I recently put together a graduate level course on personal leadership development for public health professionals who want to create a personal leadership portfolio. The course involves each working professional completing a number of instruments related to personal leadership. Each session of the class involves an interactive session on each of the instruments and how to use the results of the instrument to enhance leadership work. I have chosen a number of instruments which I think will give each professional a well-rounded view of their leadership. This is not meant to imply that the instruments I chose could not be replaced with others that would not be useful to the leader. At the end of the course, each leader gets a personal coaching session for an hour to tie the pieces of their profile together.

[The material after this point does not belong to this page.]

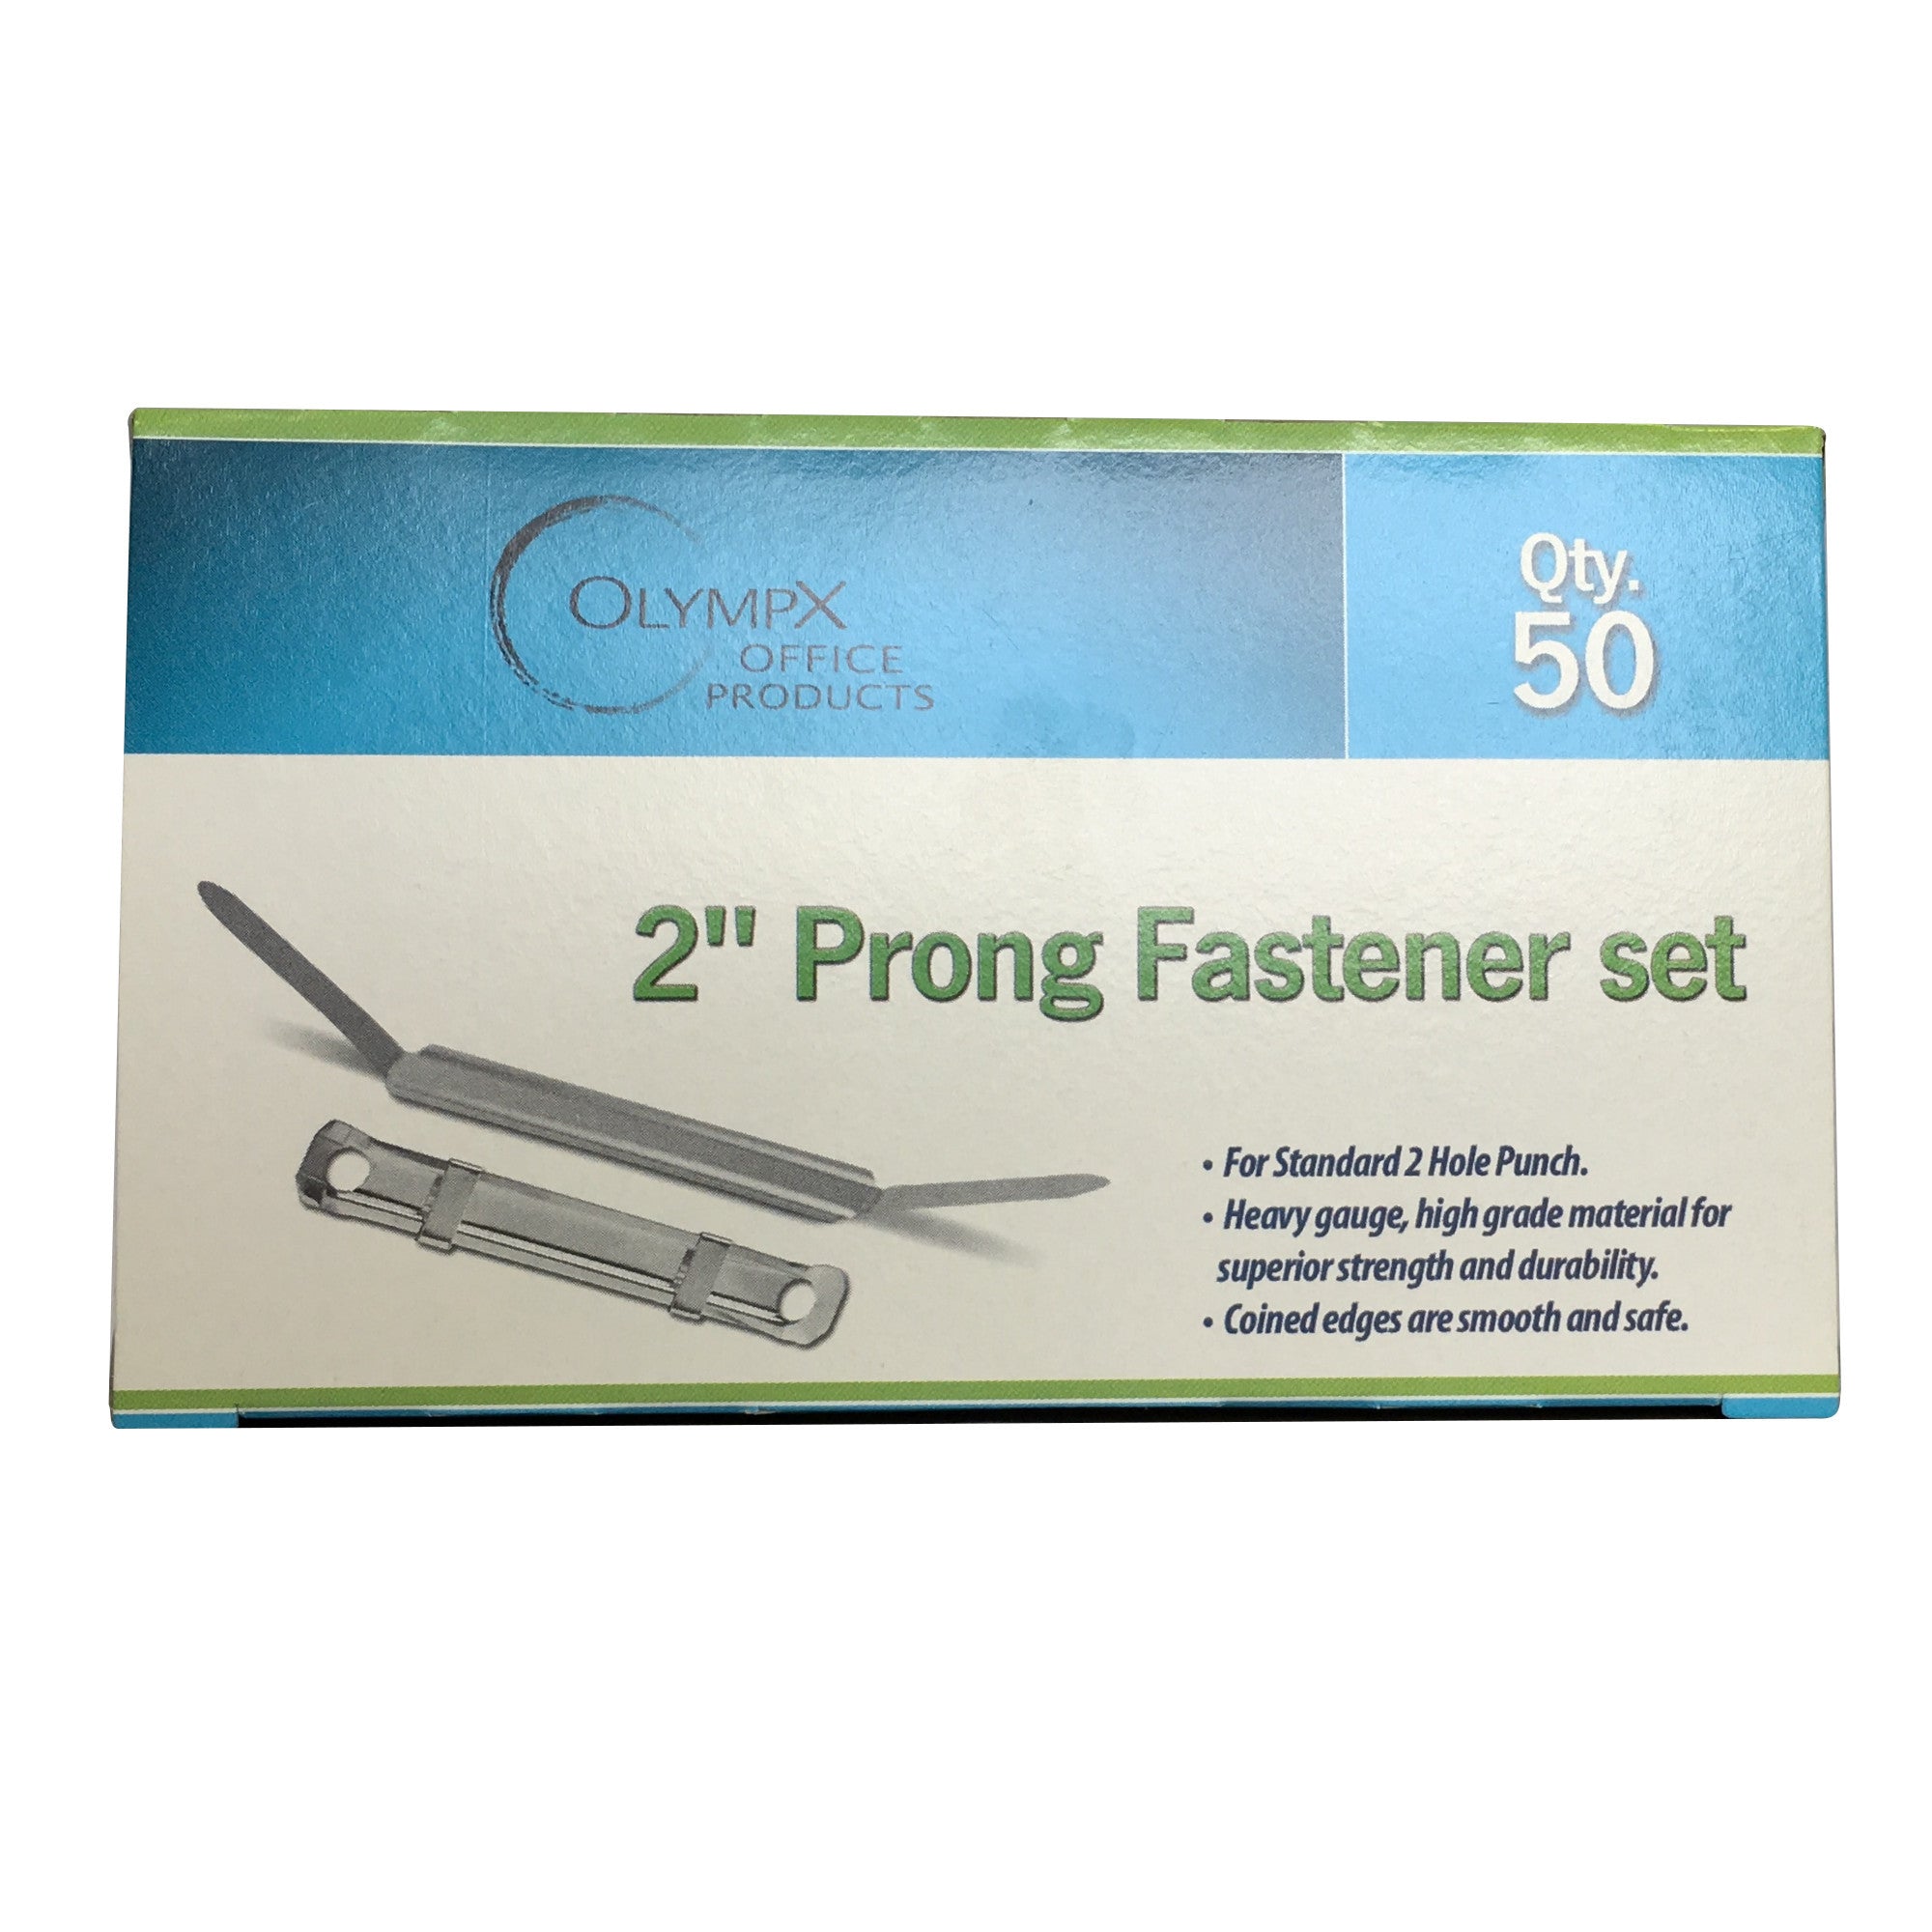 Prong fastener #Quantity_50
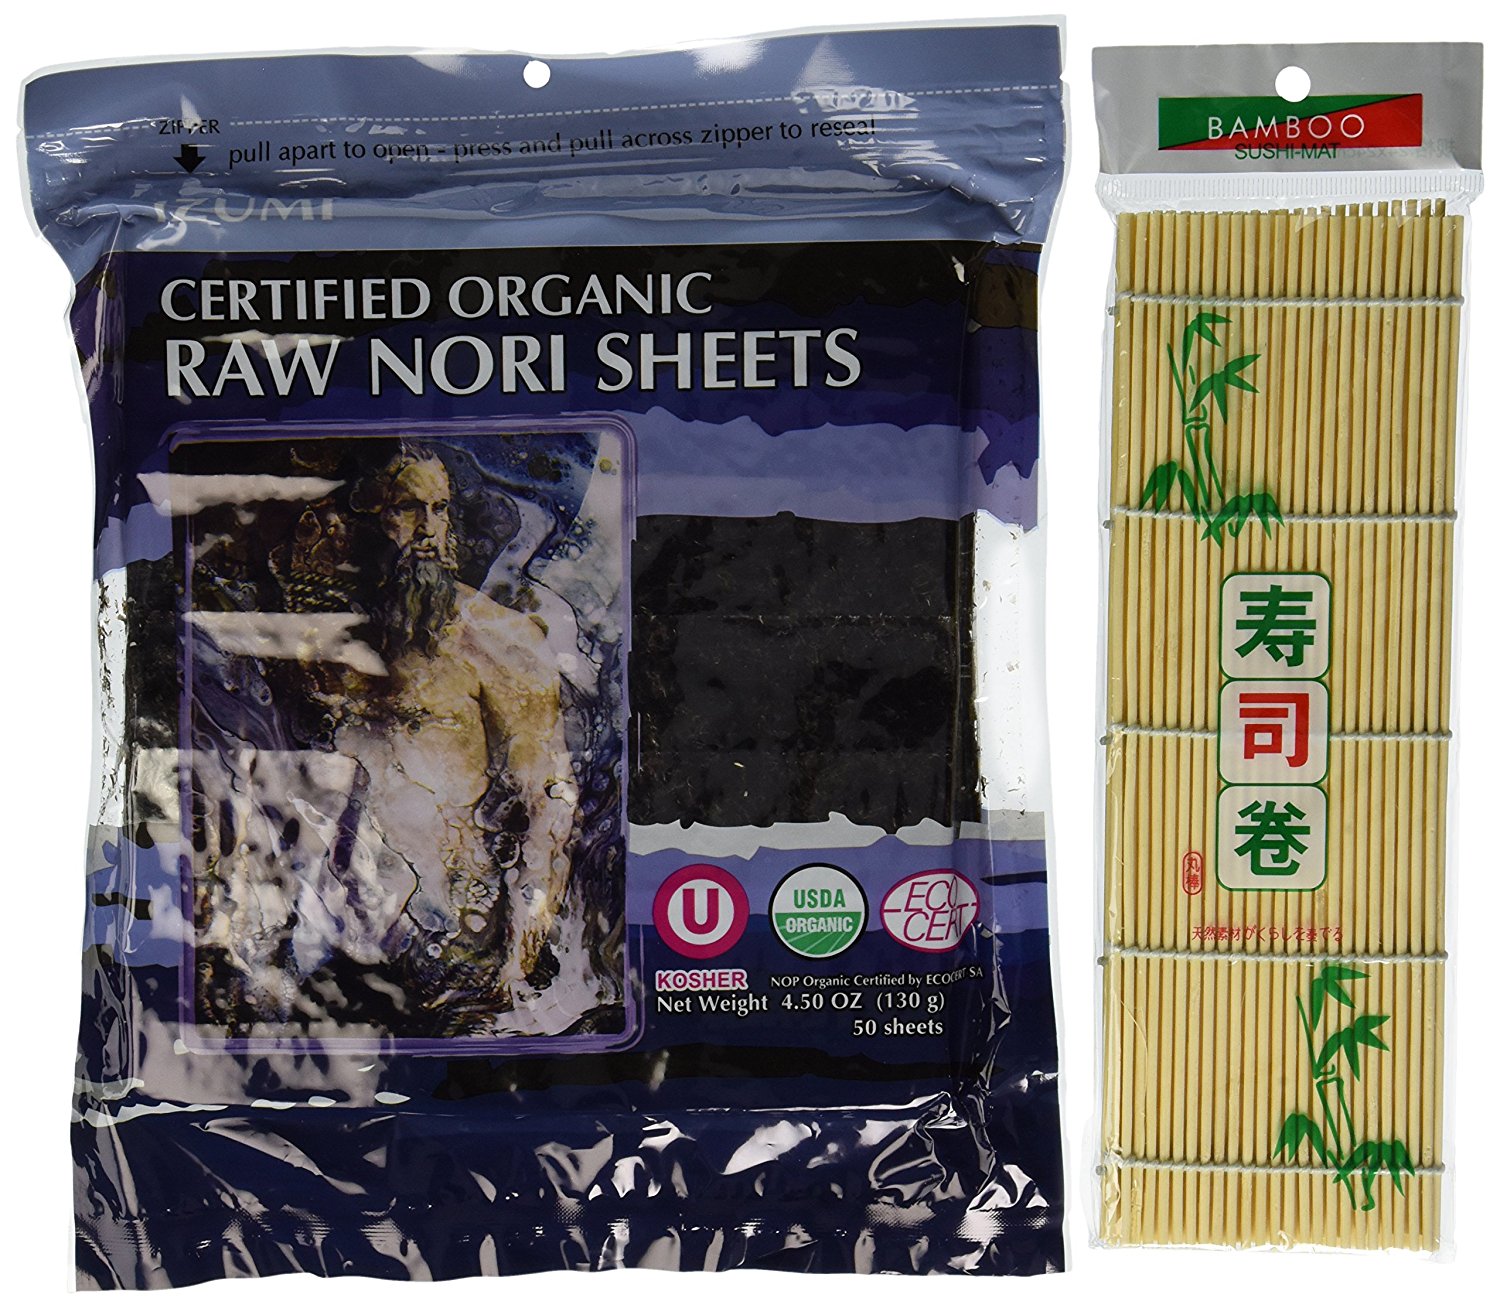 Raw Nori Sheets

I assume you might like to know the instruments that I chose. Since this is a course for public health leaders, one of the instruments is a public health leadership profile. This can be substituted with an instrument developed for educators, human services professionals, or business executives. I have included in the profile an instrument on leadership style and one on time spent in management in contrast to leadership activities. I also include the Emergenetics instrument which deals with thinking preferences and behaviors associated with thinking. Some leaders would include the Myers-Briggs instrument instead. However, I find that people like the color-oriented approach to Emergenetics than the letter approach of Myers-Briggs. I also include an instrument on Emotional Intelligence(Bradberry and Greaves). There are the two excellent instruments developed by the Gallup Organization(Strengths Finder 2.0 and Well Being Finder). Finally, I include two excellent leadership instruments from Discovery Learning—Public Health Leadership Profile(360 degree instrument) and Change Style Indicators. As you can see, these instruments provide a well- rounded view of the personal leadership skills of the public health professional. What are some of the leadership assessment tools that you would include?

Whatever set of instruments you choose, it is important to examine your leadership skills and how you employ these skills in the real world. Leaders need to be sensitive to the ways that they impact others.